JKKDARK
May 24th, 2008, 00:23
Progress on the Sega Dreamcast emulator (http://dknute.livejournal.com/) for PC.
I was unable to figure out any "smart" method of dumping E-VMU BIOS, so I still need to find the correct entry point to the BIOS procedure I want. Unfortunatelly the only way to do this is a brute-force exhaustive search of all 16384 combinations. Trust me, I've tried out quite a few and the conclusion is: the code in English-based VMUs has been shuffled by the linker and it's layout is completly different from any J-VMU I've seen.

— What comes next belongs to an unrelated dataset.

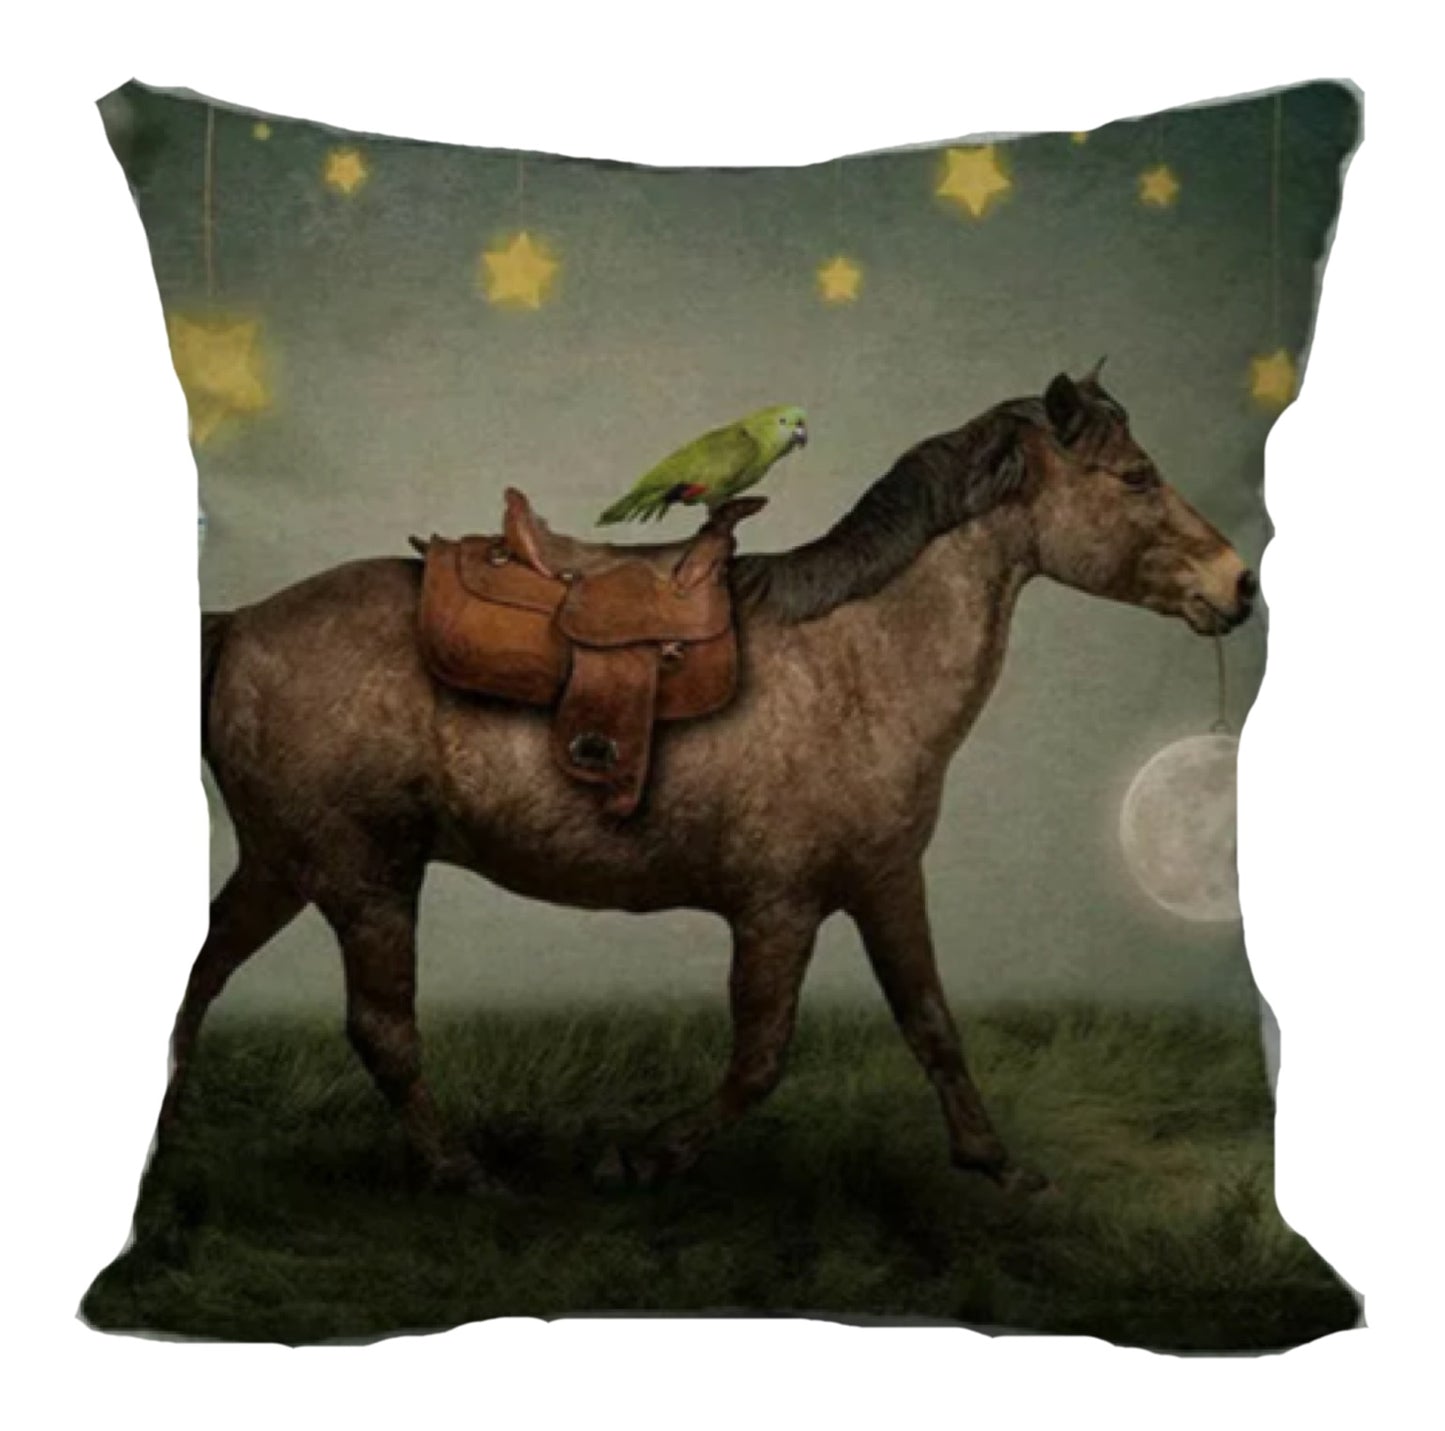 Cushion Cover Horse with Parrot Vintage Retro - The Renmy Store Homewares & Gifts 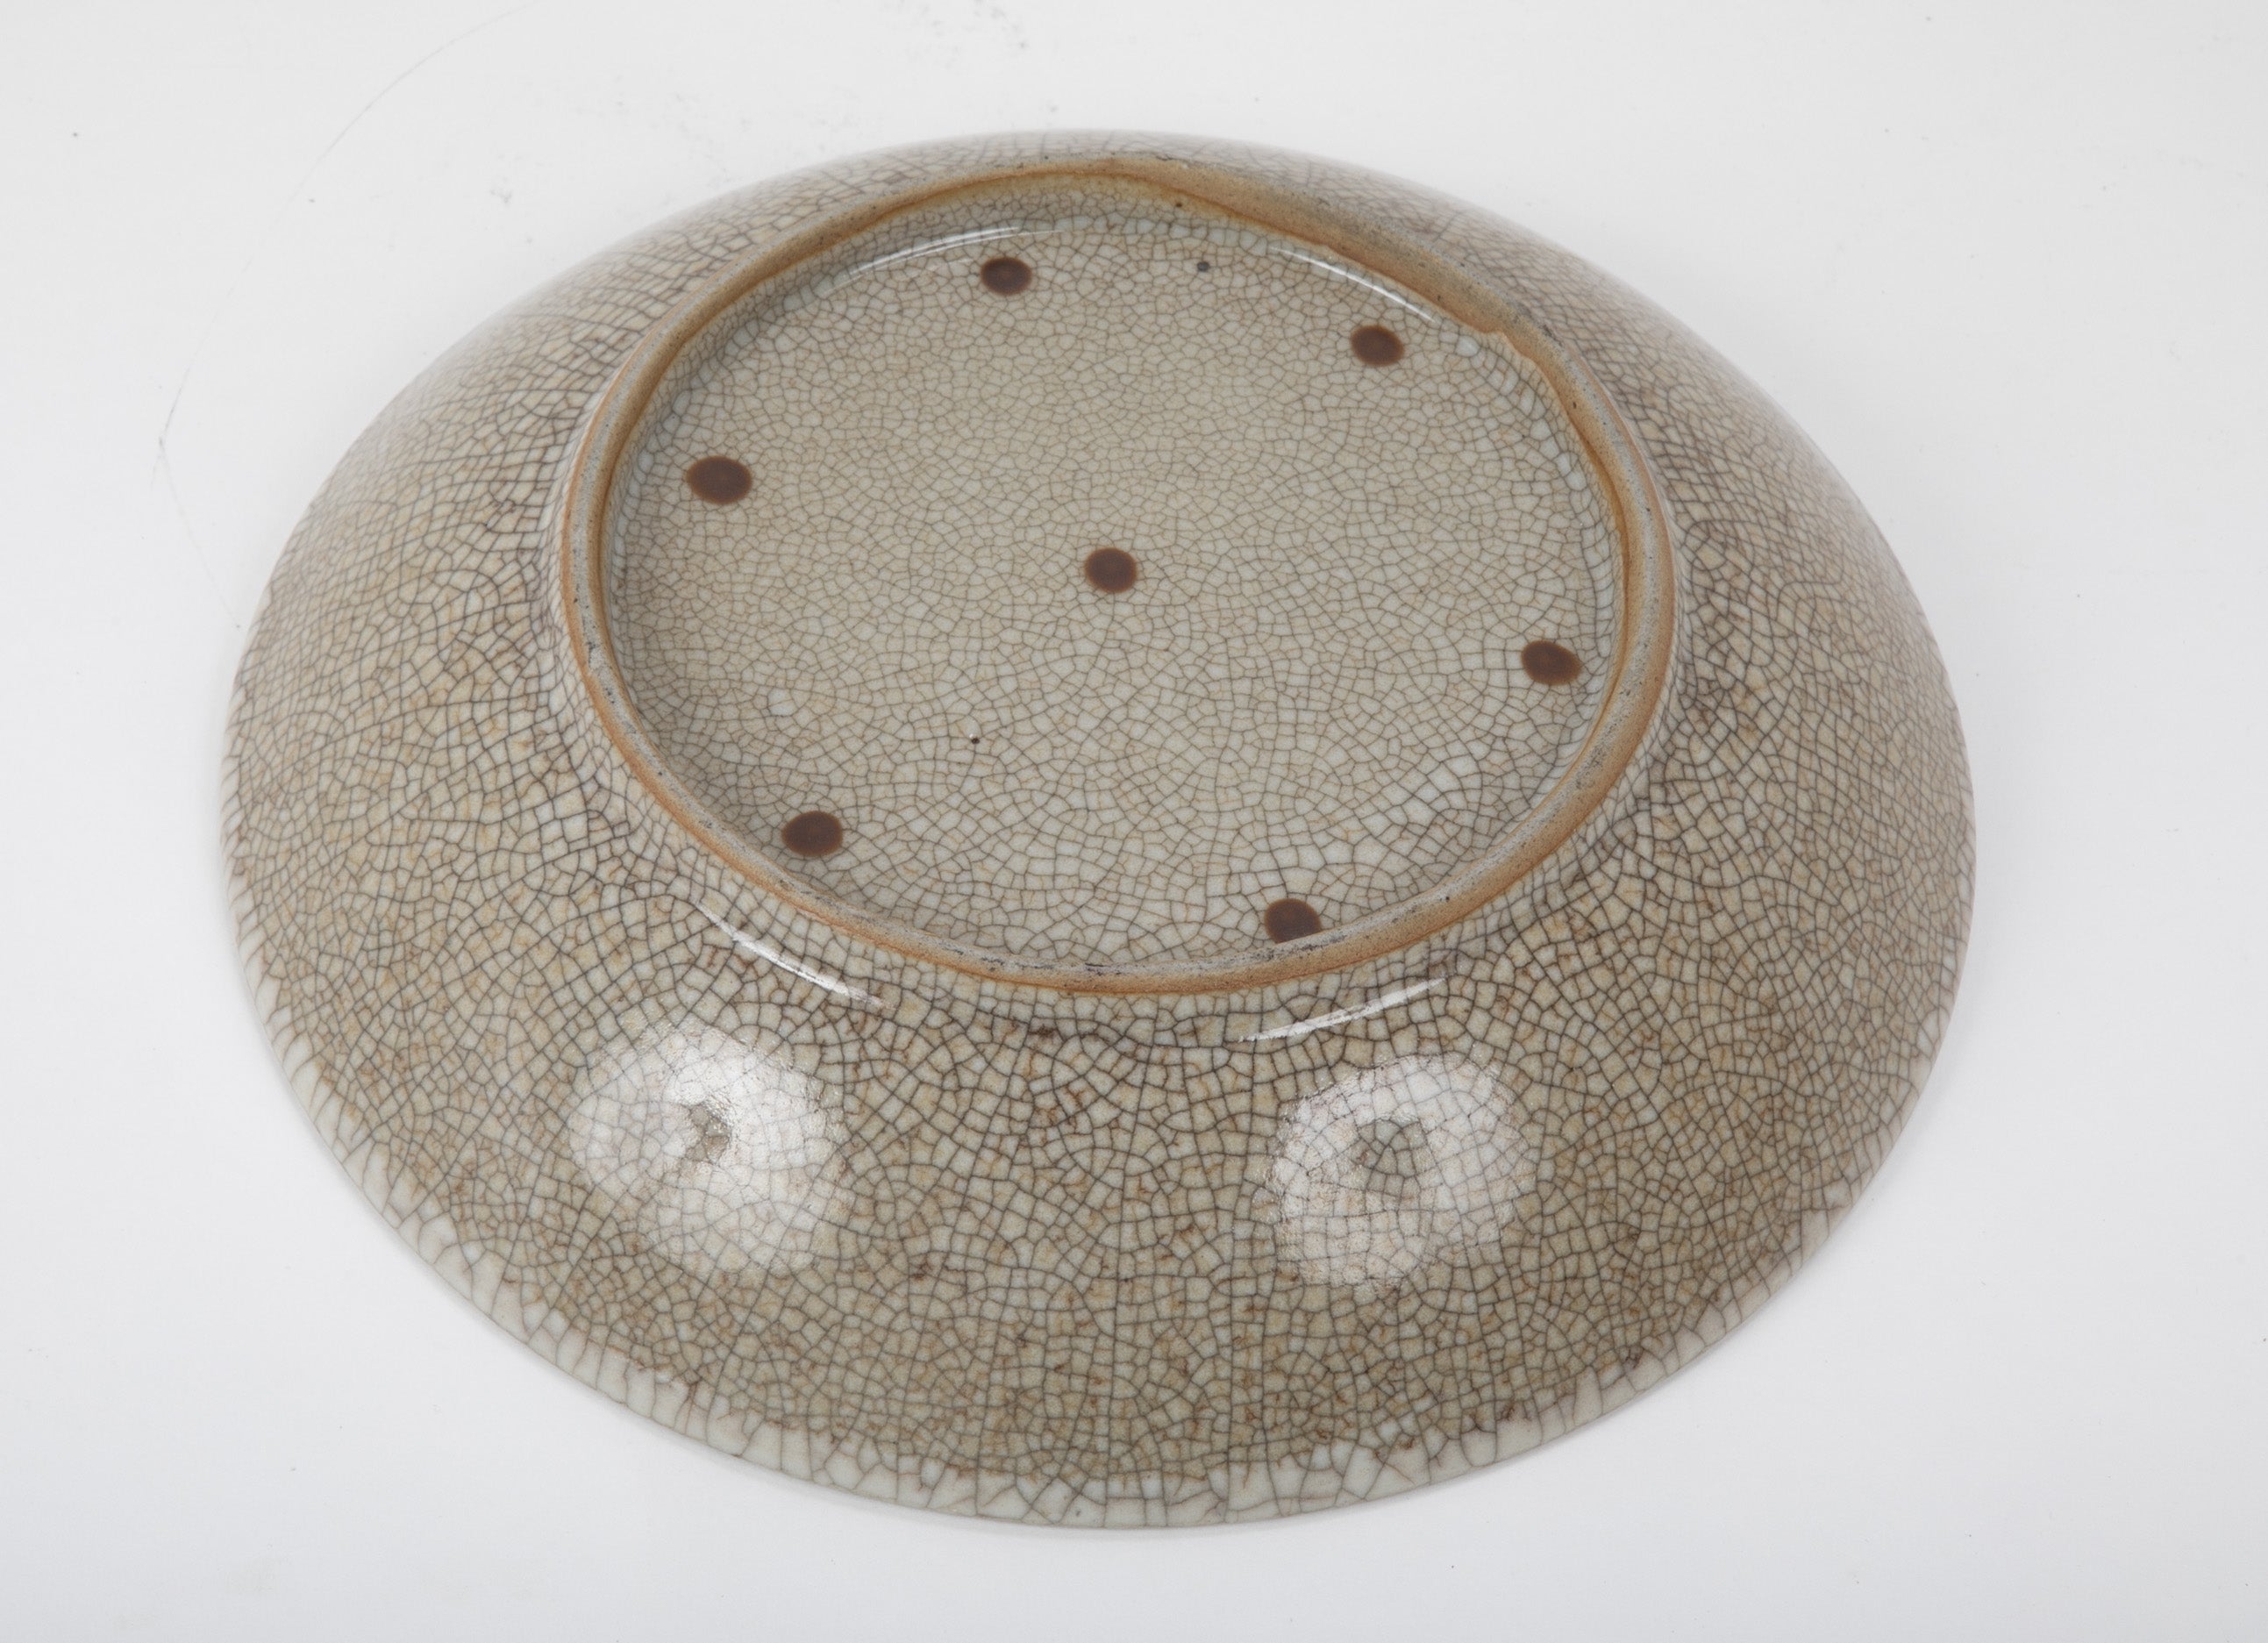 Chinese Crackle Ware Dish

Long story short, if you people hope to get English BIOS for VMU emulation (AFAIK noone has ever dumped it) you better help me :) I will continue my search anyway but it'll take weeks to months. It's not really required you know, Japanese BIOS will work just fine, but without it the simulator would appear somehow... incomplete.
Here's a list of things you need to have to help:
(1) Dreamcast
It's only required for the initial VMU programming. You might need it few more times if the VMU becomes corrupted, but that's it. Any region console will do.
(2) Spare E-VMU
It's a VMU that uses English to communicate via it's LCD. I'm not aware of any other types of VMU but J- and E- ones, but if you know better please tell me.
Important note: that VMU will be completly erased. Backup it first if it contains mini-game or saves you'll want to use in future.
(3) CR2032 button cells
You'll need some of those to power the VMU in standalone mode. Actually, if you have two able hands you can just connect two wires to the contacts (using sticky tape for example) and power it from external battery pack or even power supply. That's what I'm doing. Anything from 5V to 9V is fine, so a 4-pack of AA or AAA cells or one 9F22 battery will do. There is a diode inside the VMU to protect it in case you get the polarity wrong but be careful about that. And in case you decide on a power supply, make sure it's a quality one. The cheap "wall cubes" with unregulated output have a strong ripple which can go as high as twice the nominal voltage!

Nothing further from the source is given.